---- Data segment
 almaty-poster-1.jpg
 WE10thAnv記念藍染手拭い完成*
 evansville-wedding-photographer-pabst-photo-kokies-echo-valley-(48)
--------
Task item:
Without altering a single word, copy the listing above.

Written solution:
 almaty-poster-1.jpg
 WE10thAnv記念藍染手拭い完成*
 evansville-wedding-photographer-pabst-photo-kokies-echo-valley-(48)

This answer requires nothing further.